I have just come across an example in which I was able to account for most
of the overdispersion - enough to make me happy anyway - but I'm worried
about what I did to do it. The data are the number of traps at a site on
one day that caught or did not catch a deer, so binomial data. There are
several sites sampled in several different years, and a couple of weather
covariates that are the same for all traps at a given site on a particular
day; there are no trap level covariates, but many days of trapping within
each site/year combination.

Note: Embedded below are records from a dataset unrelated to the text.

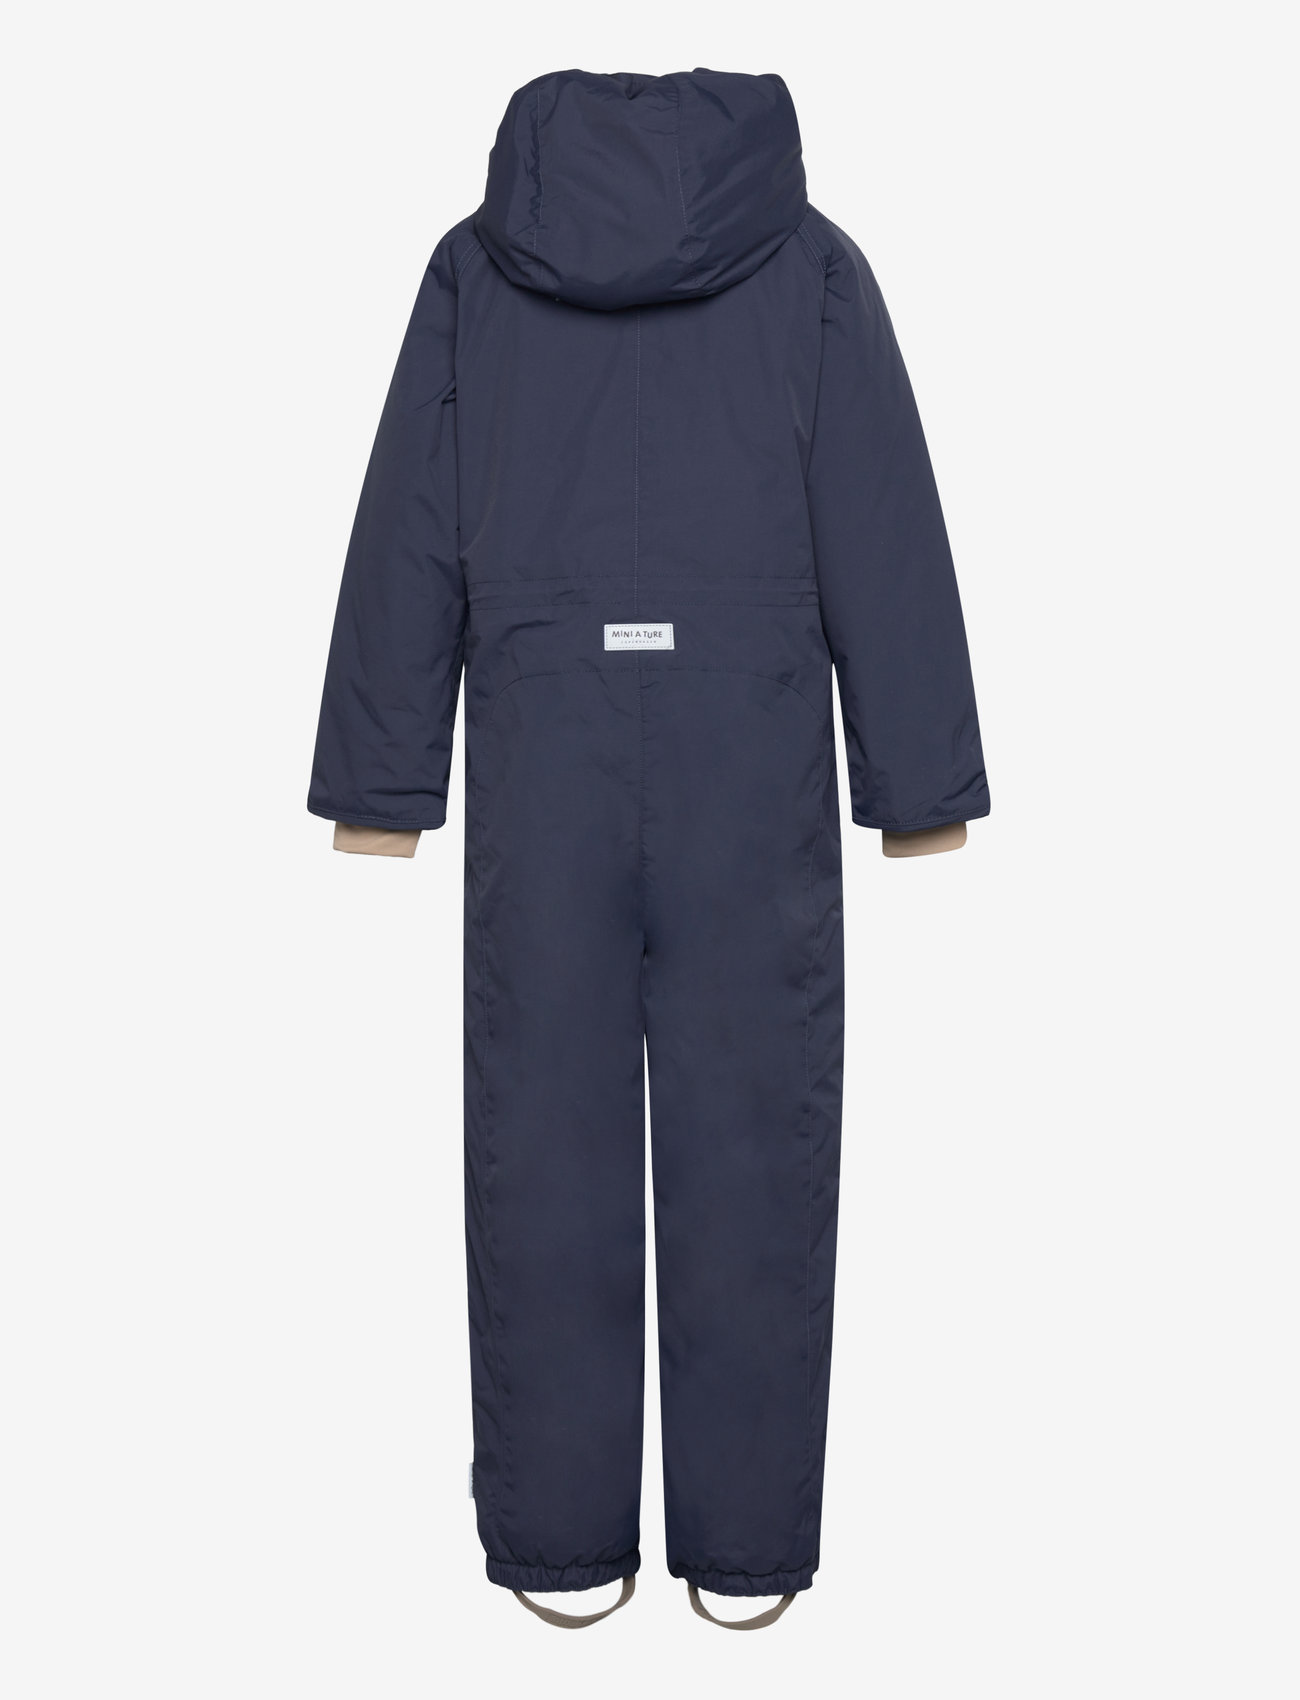 Mini A Ture - Wanni fleece lined snowsuit. GRS - børn - blue nights - 1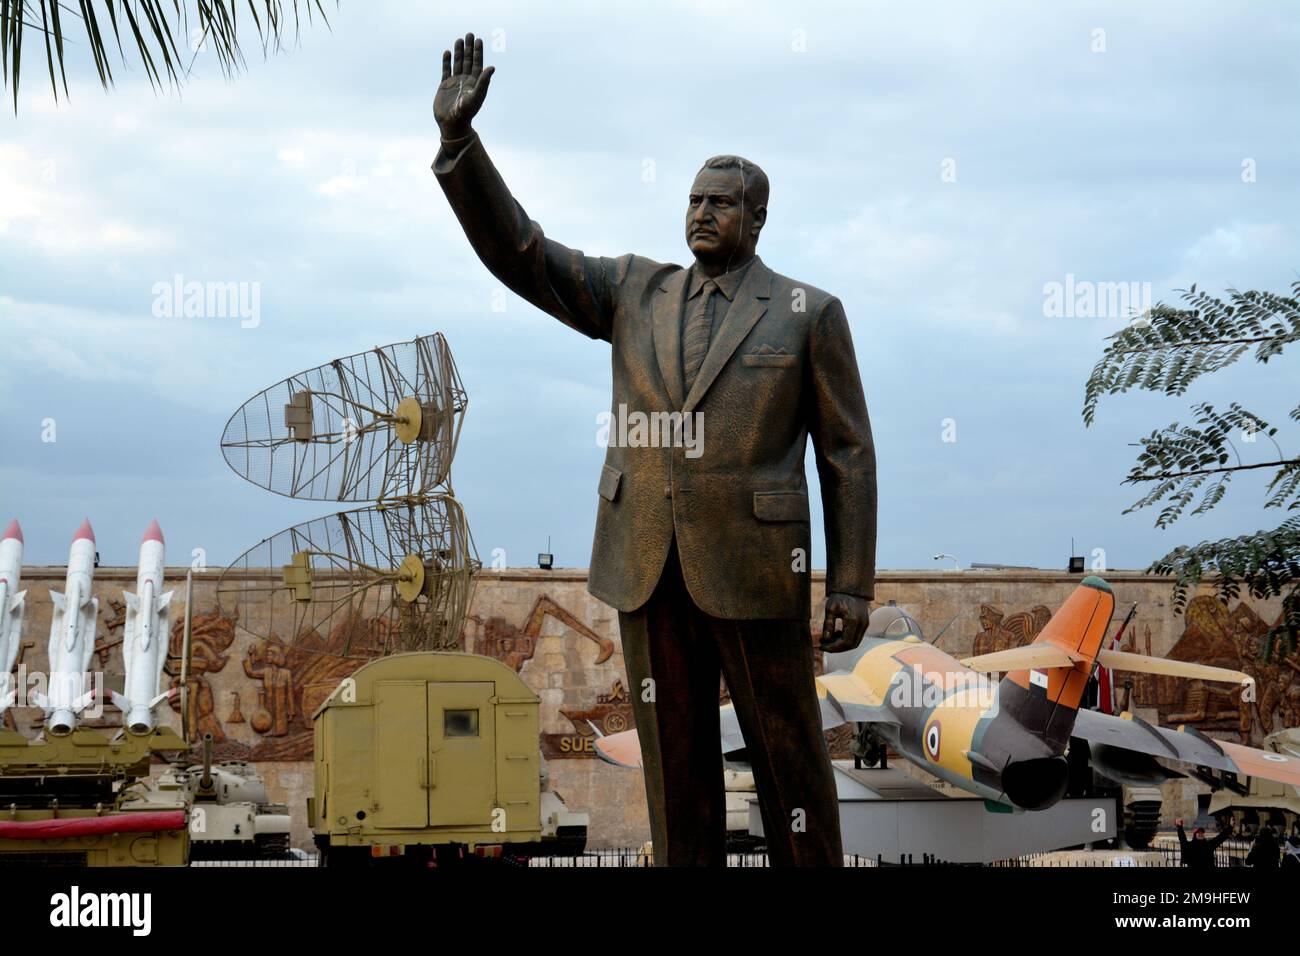 Cairo, Egypt, January 7 2023: Gamal Abdel Nasser statue, the second president of Egypt, Egyptian revolution leader, from the Egyptian national militar Stock Photo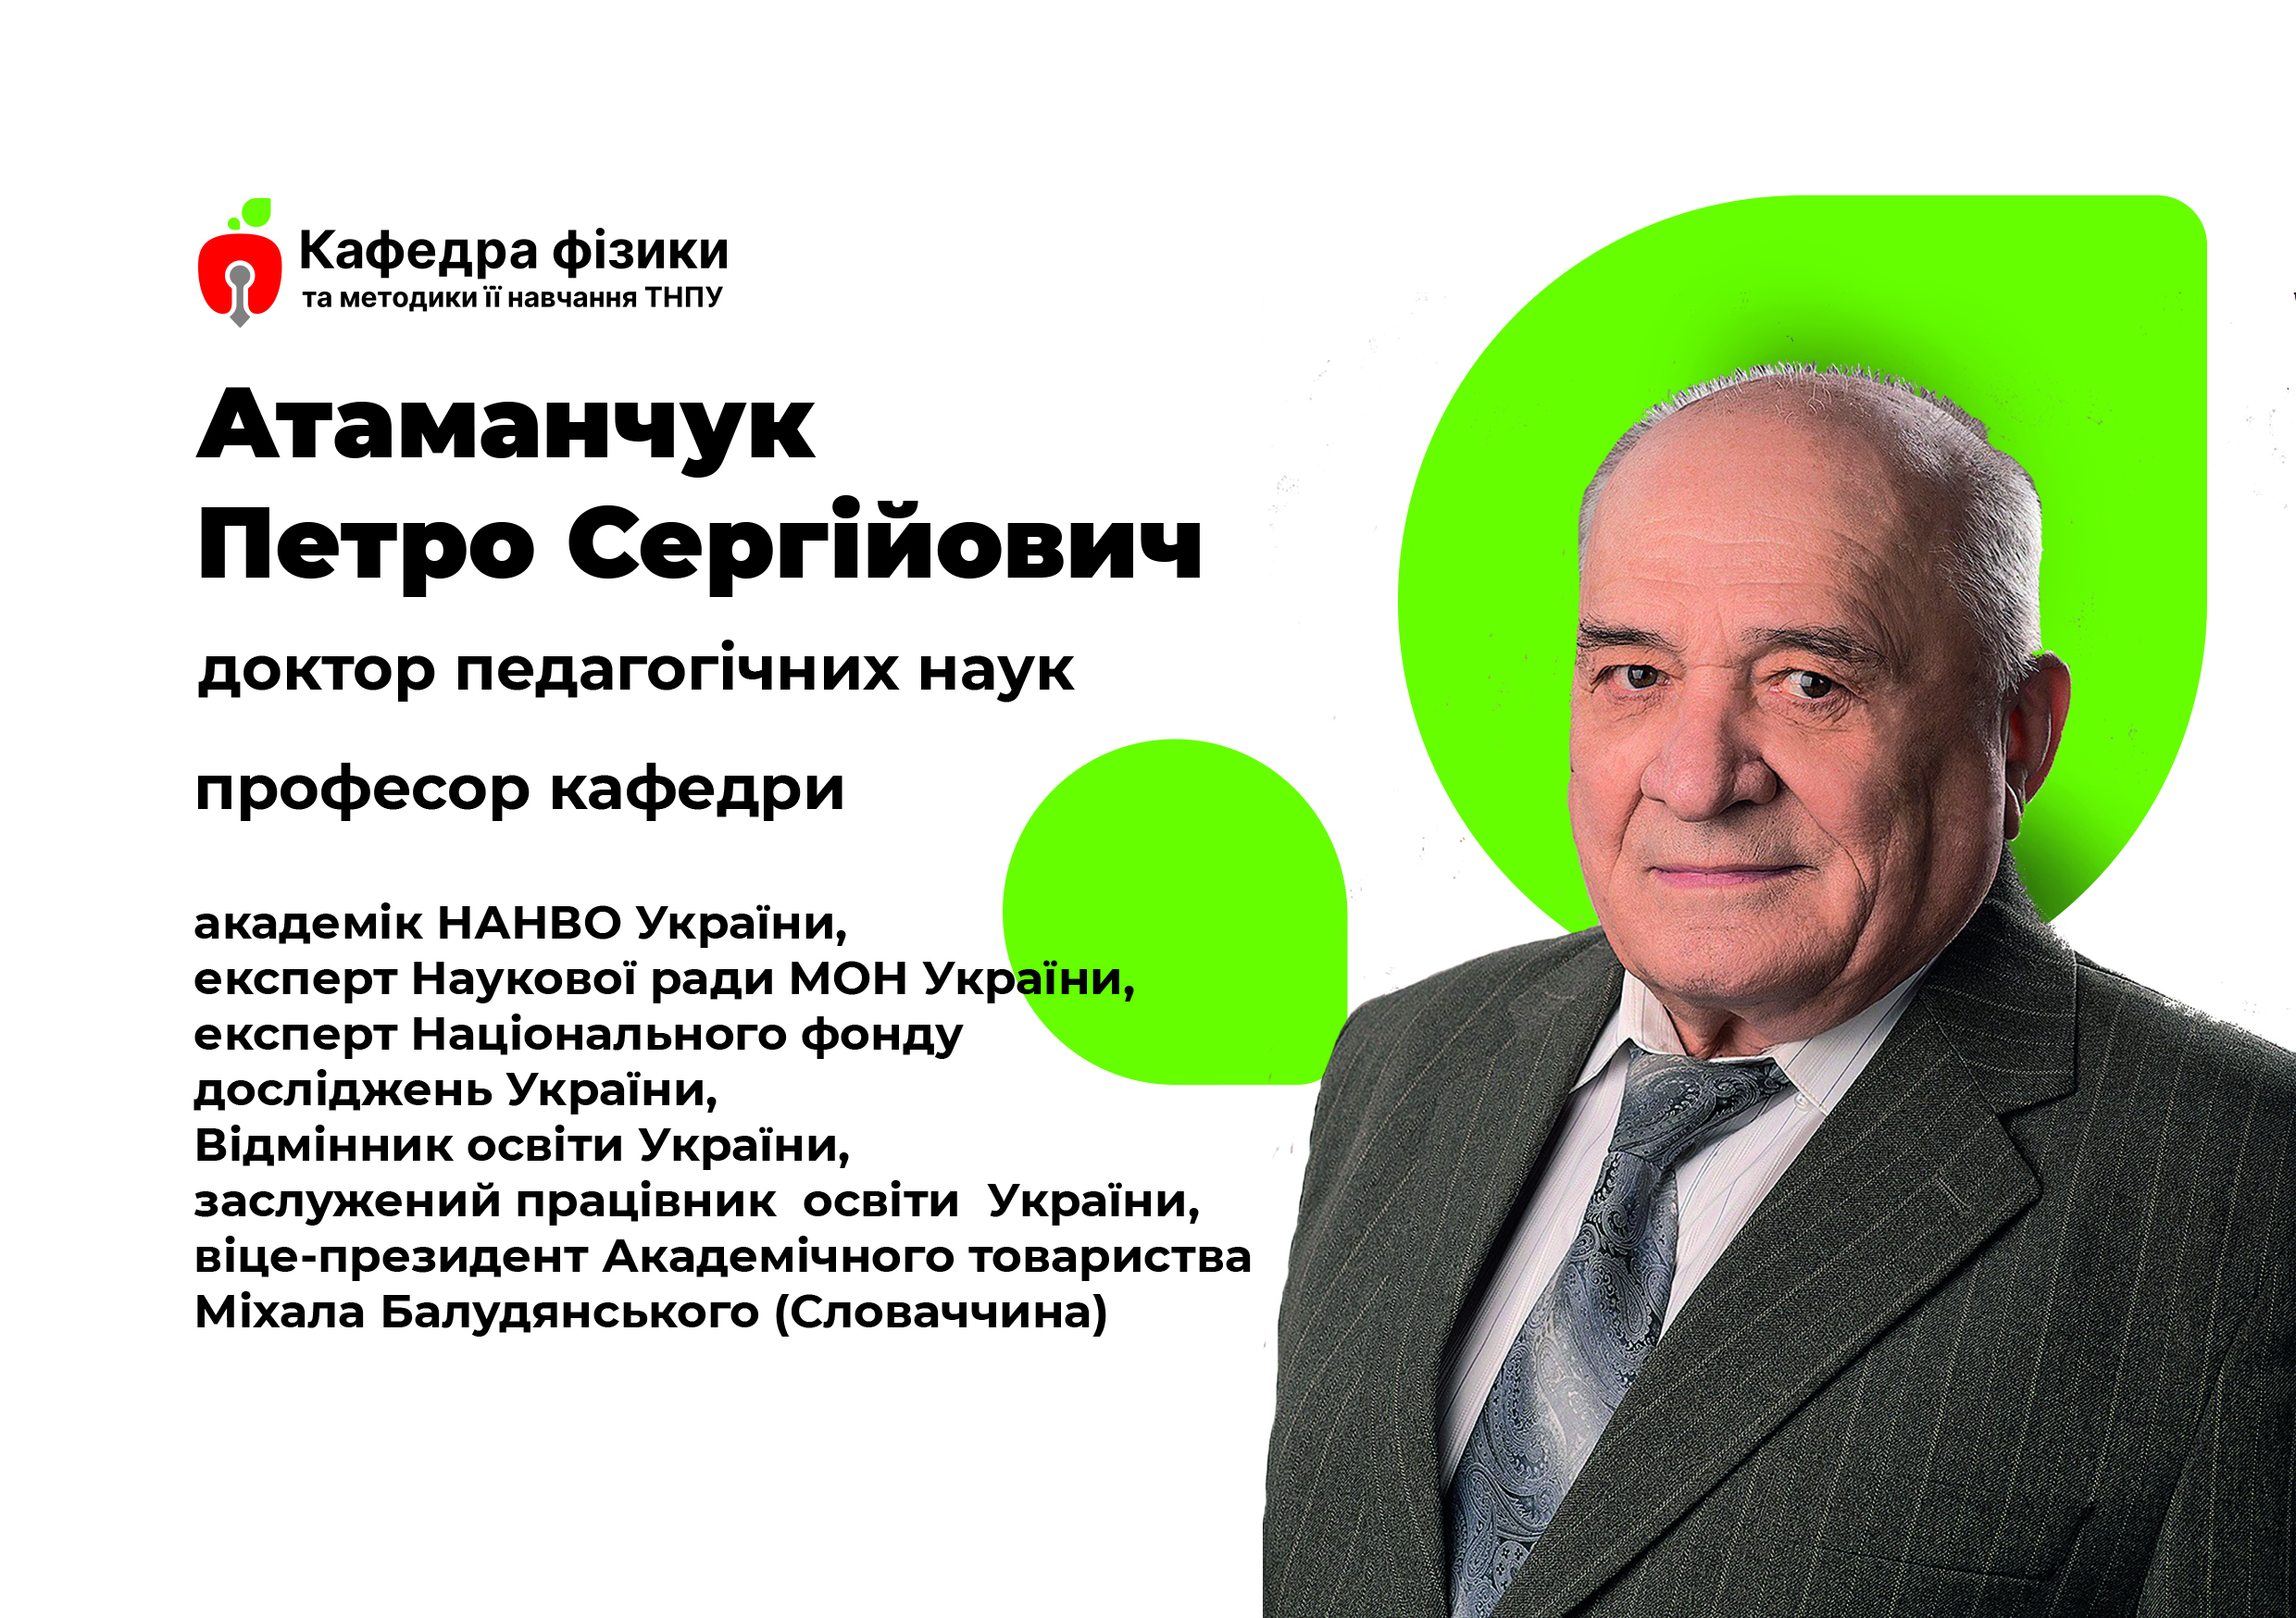 Атаманчук Петро Сергійович

We expect there to be variation among
site/year combinations related to the number of deer at a site, variation
among days due to weather (some covariate data) or other factors, and
variation among traps due to the location of the trap relative to the deer
population.
Some simulated data:
library(lme4)
# simulate some data
x = runif(300,1,10)
siteyear = factor(rep(1:10,each=30))
logit.p = x*0.2 - 0.025*x^2 + rep(rnorm(10,0,0.4),each=30) +
rnorm(300,0,0.2)
p = 1/(1+exp(-logit.p))
size = sample(5:15,300,replace=TRUE)
y = rbinom(300,prob=p,size=size)
siteday=factor(1:300)
mm.1 = lmer(cbind(y,size-y)~x+I(x^2)+(1|siteday),family=binomial)
mm.2 = lmer(cbind(y,size-y)~x+I(x^2)+(1|siteyear),family=binomial)
mm.3 = lmer(cbind(y,size-y)~x+I(x^2)+siteyear+(1|siteday),family=binomial)
mm.list = list(mm.1,mm.2,mm.3)
k = c(4,4,13)
ll = sapply(mm.list,logLik)
# use chat estimate to get quasiAIC
chat = deviance(mm.3)/300
qaic = -2*ll/chat+2*k
delta = qaic-min(qaic)
AIC.table=cbind(qaic,k,delta,w = exp(-(delta/2))/sum(exp(-delta/2)))
AIC.table
qaic k delta w
ML 404.6663 4 78.66631 8.269964e-18
ML 340.3928 4 14.39277 7.487291e-04
ML 326.0000 13 0.00000 9.992513e-01
chat
ML
1.106134
Now this is pretty close to the structure that I have with the real data.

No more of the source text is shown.